Does it sell?


Advertising is everywhere, and it keeps our media afloat. Without ads there would be no money to support cultural centers like news organizations and sports teams as we’ve come to know them.  But are the ads that fill our lives effective at selling the products – or, indeed, worth anywhere near the money spent on them?

I’ve often thought about developing a website that rates commercials. Between the Superbowl blockbusters and breakout stars, ads are very popular on their own as small morality plays about the values of our culture (ie, we’re doomed). Such a site would make money, of course, by selling ads. My ratings of commercials would be based on whether they made any sense at all, had compelling characters, but in the end they’d be about whether or not I wanted to buy the product.

Which takes me logically to the biggest breakout star from the ad world, Isaiah Mustafa (the Old Spice guy). His ads have been big hits lately and are the buzz of the advertising world. “They have had creative talent on this brand who re-energized it at a critical point in time,” according to Gary Stibel of New England Consulting Group “They made it relevant and they made it cool.”  But do they sell the product at all? Apparently, they do not. Sales of Old Spice have remained roughly steady, falling in some areas and rising in others.  For all the buzz, there is no reason to believe that anything positive came from the hit ad.

Mustafa is getting a deal for a flick with Jennifer Anniston, however.

The problem with most ads is that they simply do not sell the product. Cereal ads are particularly strange because so many of them revolve around keep the product away from cartoon characters. Honestly, what would be the worst of it if Sonny the Cuckoo just got his bleepin’ Cocoa Puffs? How many kids even know who the Flintstones are outside of Fruity Pebbles and vitamins? Yet these ads have kept on keepin’ on for more than 50 years in many cases.
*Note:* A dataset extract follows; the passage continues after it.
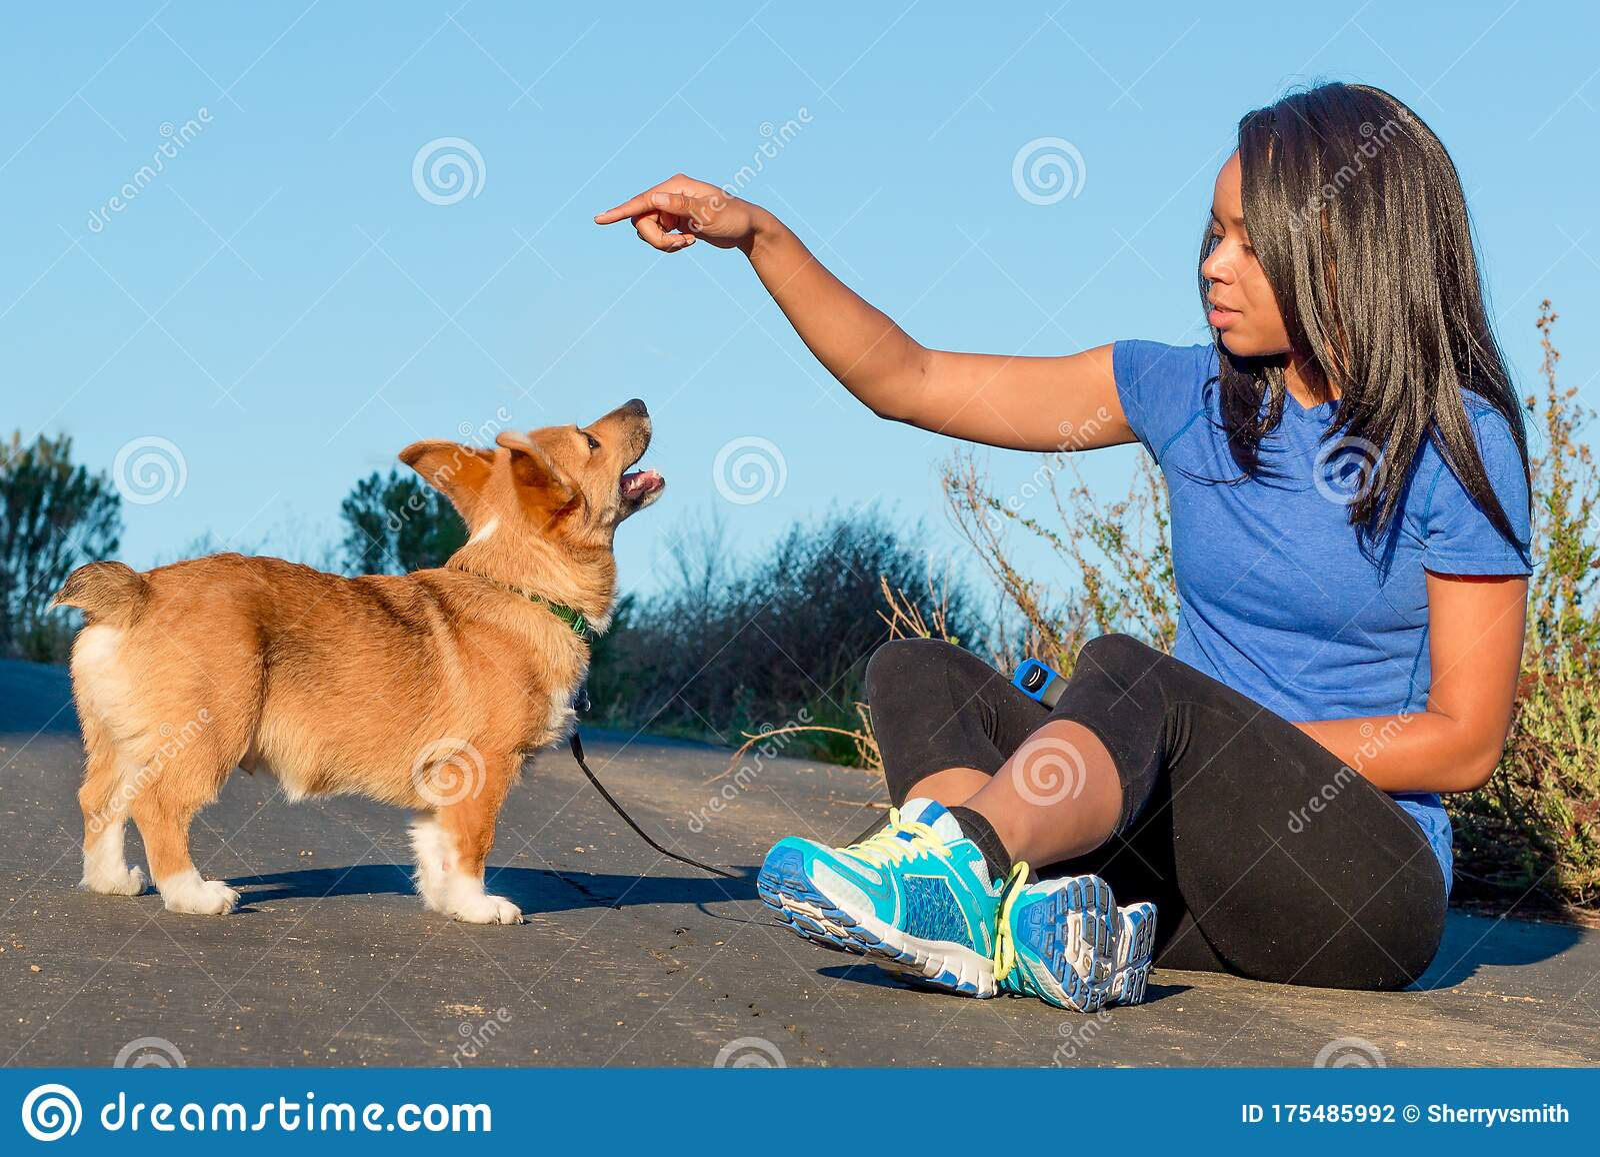 African American Millennial Woman Training Corgi Puppy Stock Photo Image Of Cute Lady 175485992

The worst ad of all time, a point I will not debate, has to be the Quiznos ads from 2003 featuring Spongemonkeys – what most people saw as singing rats. A change of planes in Denver once had me starving to death and enticed with the aroma of a Quiznos, the only food around, but I did not stop to eat.  All I could think about were rats. I have yet to ever go to a Quiznos this many years on because I associate them with vermin. Not a good image at all.
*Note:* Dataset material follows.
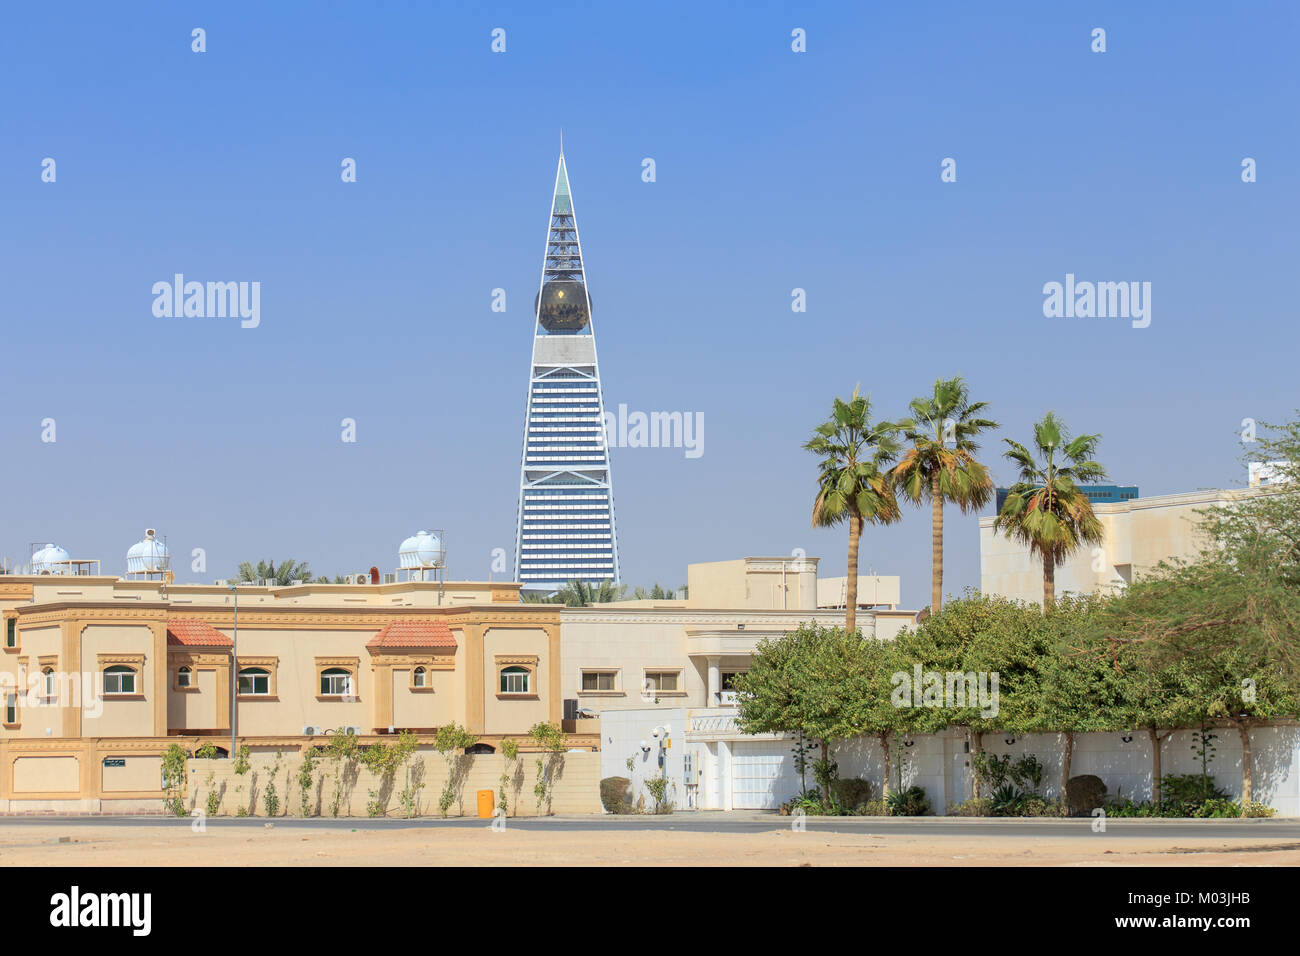 Rues de la région de Riyad en Arabie Saoudite Photo Stock

That’s not to say all ads are bad. Anecdotal evidence suggests that the black and white toned ads for Ketel One vodka that appear on Comedy Central and other cable stations have increased sales, and I can see why. Like any good story, they have strong characters that the target audience wants to identify with. The product is central to that story as well.  The “Rat Pack” image is stolen and refined easily for a new generation. They do seem to work.

It would be fun to rate ads as they come out and, if at all possible, track some of the ones that seem to be big hits or big losers to see if an untrained consumer really can tell which ones work. I’m willing to bet that with a little thought it’s not that hard to tell which are worth the money that is spent on them – and that most of them are not.

Have any ads you particularly love or hate? Ever wonder about the ad world itself? I’d love to know what you think.